Verbal Testimony (Sabda epistemology of Mimamsa)


Verbal Testimony (Sabda epistemology of Mimamsa)
Ø  Sabda-Pramana has got the greatest importance in Mimamsa. Testimony is Verbal authority. It is the knowledge of the meanings of words.
Ø  Kumarila divides testimony into two parts:
1.      Personal (puruseya): it is the testimony of trustworthy persons (aptavakya). It is not valid in itself. Its validity is inferred from the character of the trustworthy person. It may vitiated by doubt and error and may be contradicted afterwards.
2.      Impersonal (apauruseya): it is the testimony of the Veda (vedavakaya). It is valid in itself. It has the intrinsic validity. The veda is eternal and authorless. It is not the work of any person, human or divine. The sages are only the seers and not the authors of the vedas.
Ø  Prabhakara admits only Vedic testimony as real testimony and reduces human testimony to inference because its validity is inferred from the trustworthy character of the person.

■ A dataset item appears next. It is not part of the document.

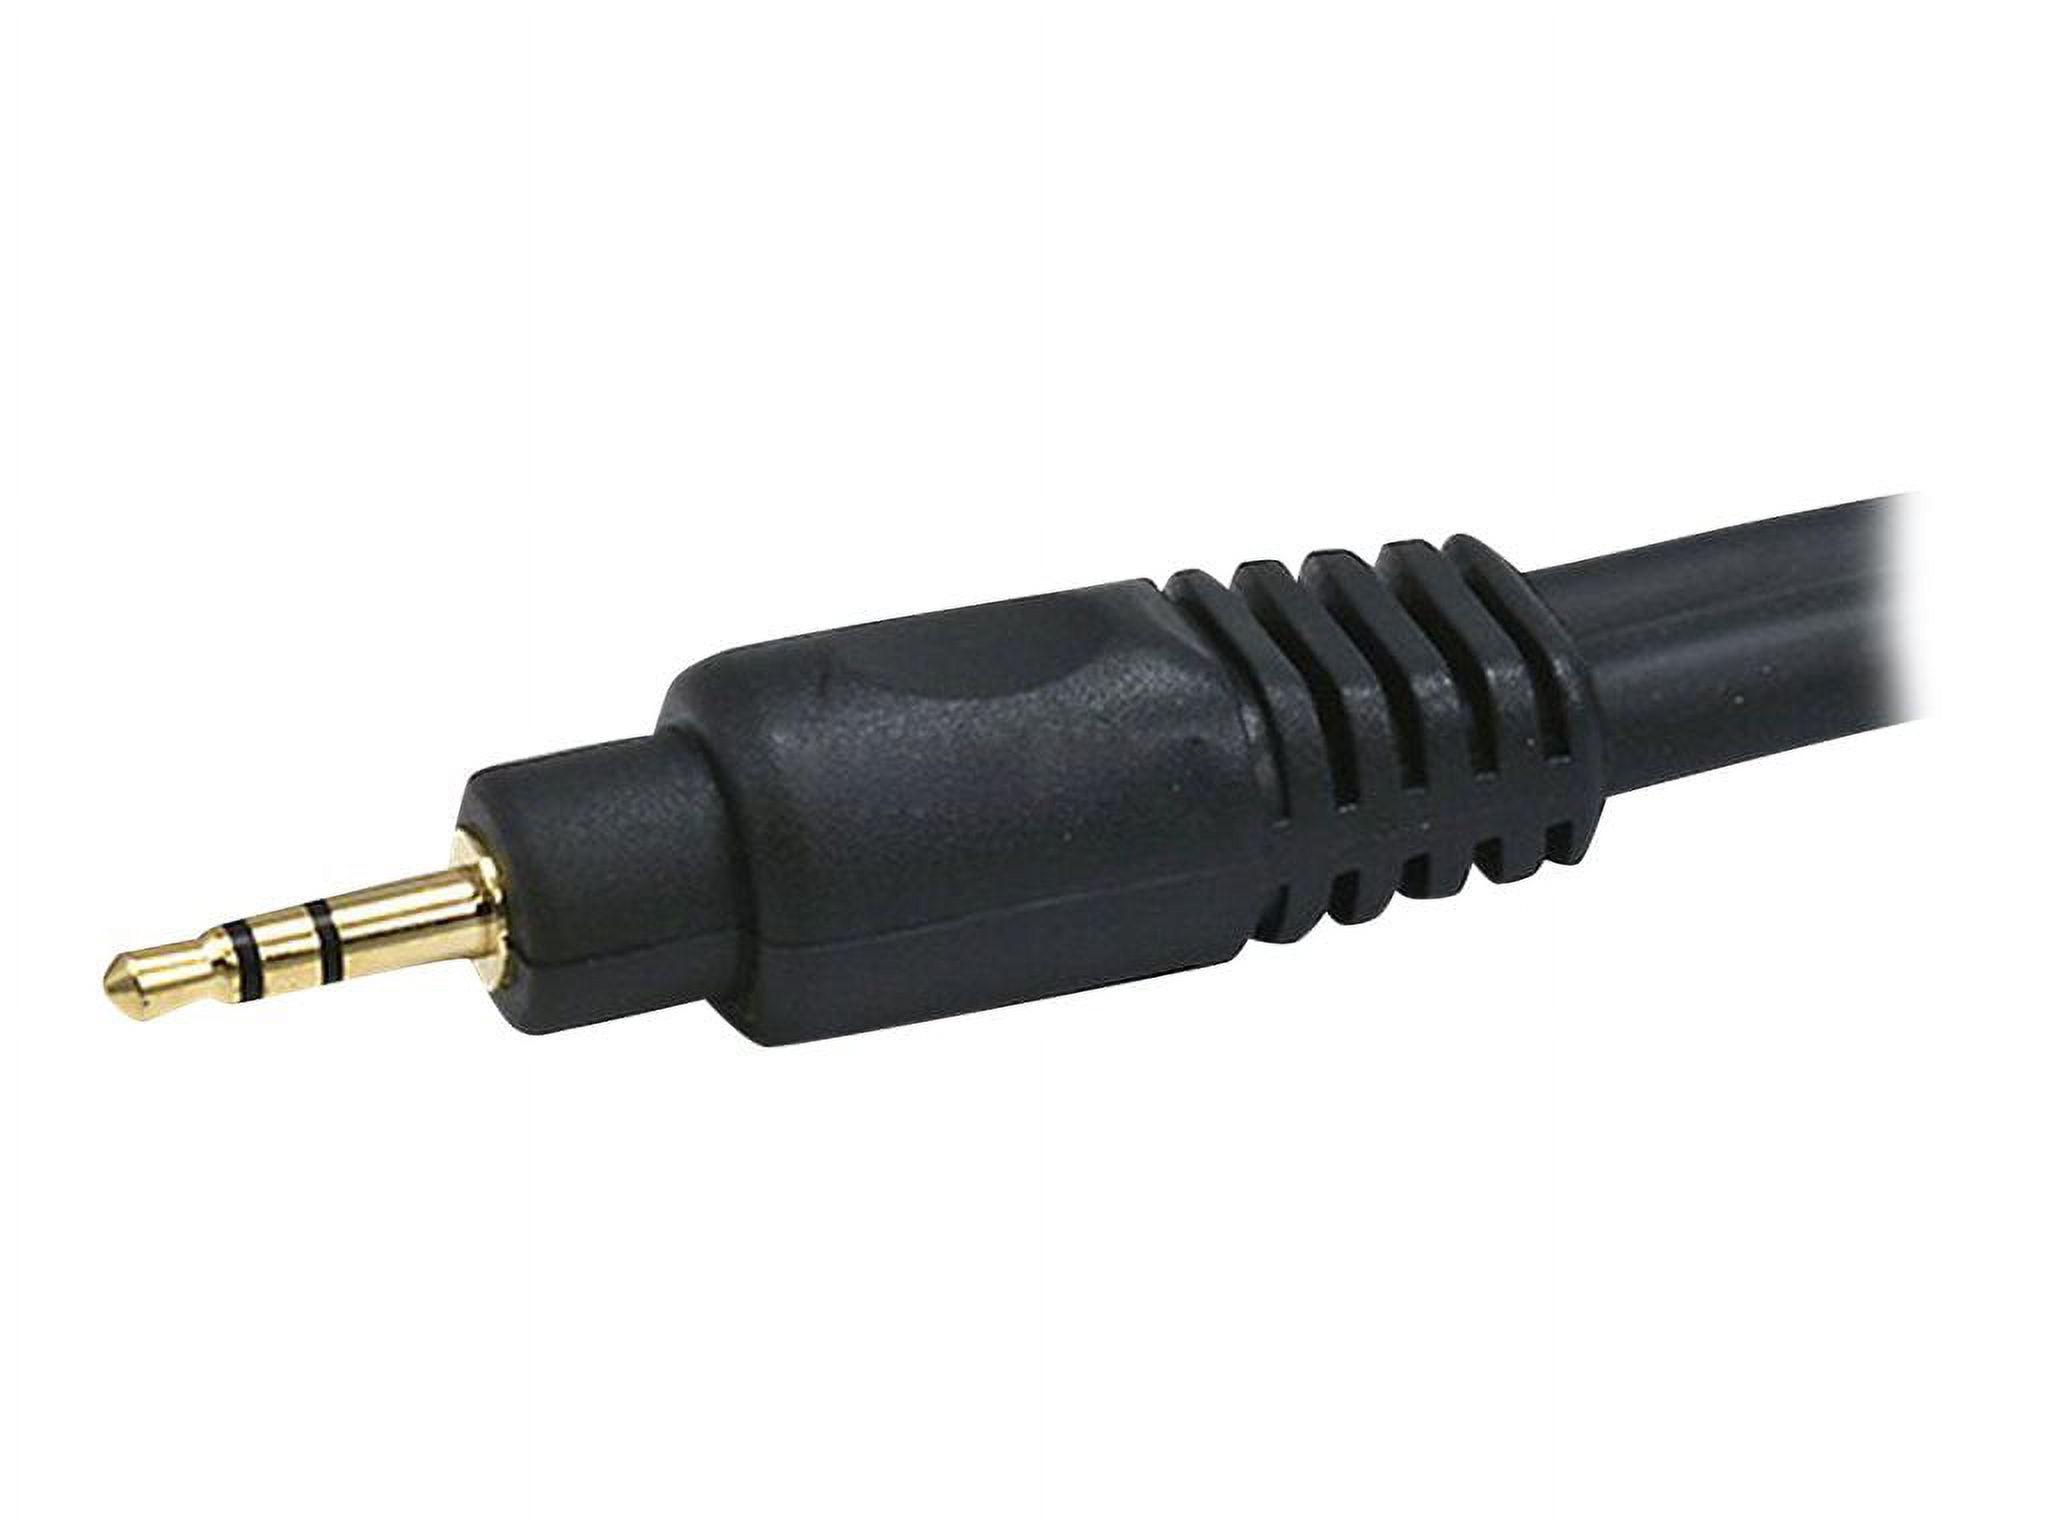 Monoprice Premium 5599 10' RCA Audio/Video Cable Black 105599 - image 4 of 4

Ø  Again, testimony may give us knowledge of the existent objects (Siddhartha-vakya) or may command us to do something (vidhayaka-vakya).
Ø  Kumarila: he admits the distinction between the existential and injunctive propositions and limits the scope of Veda to the latter (abhihitanvayavada). The Veda deals with injunctions.
Ø  The Veda is broadly divided into:
1.      Vidhivada or injunctions
2.      Arthavada or explanations
Ø  The so-called assertive or explanatory propositions in the Veda are authoritative only, when they help persons to perform their duties (anvtitabhidhanavada).
Ø  Testimony is verbal cognition.
Ø  Mimamsakas says that only the sounds and the symbols are created and destroyed, while the real words are eternal.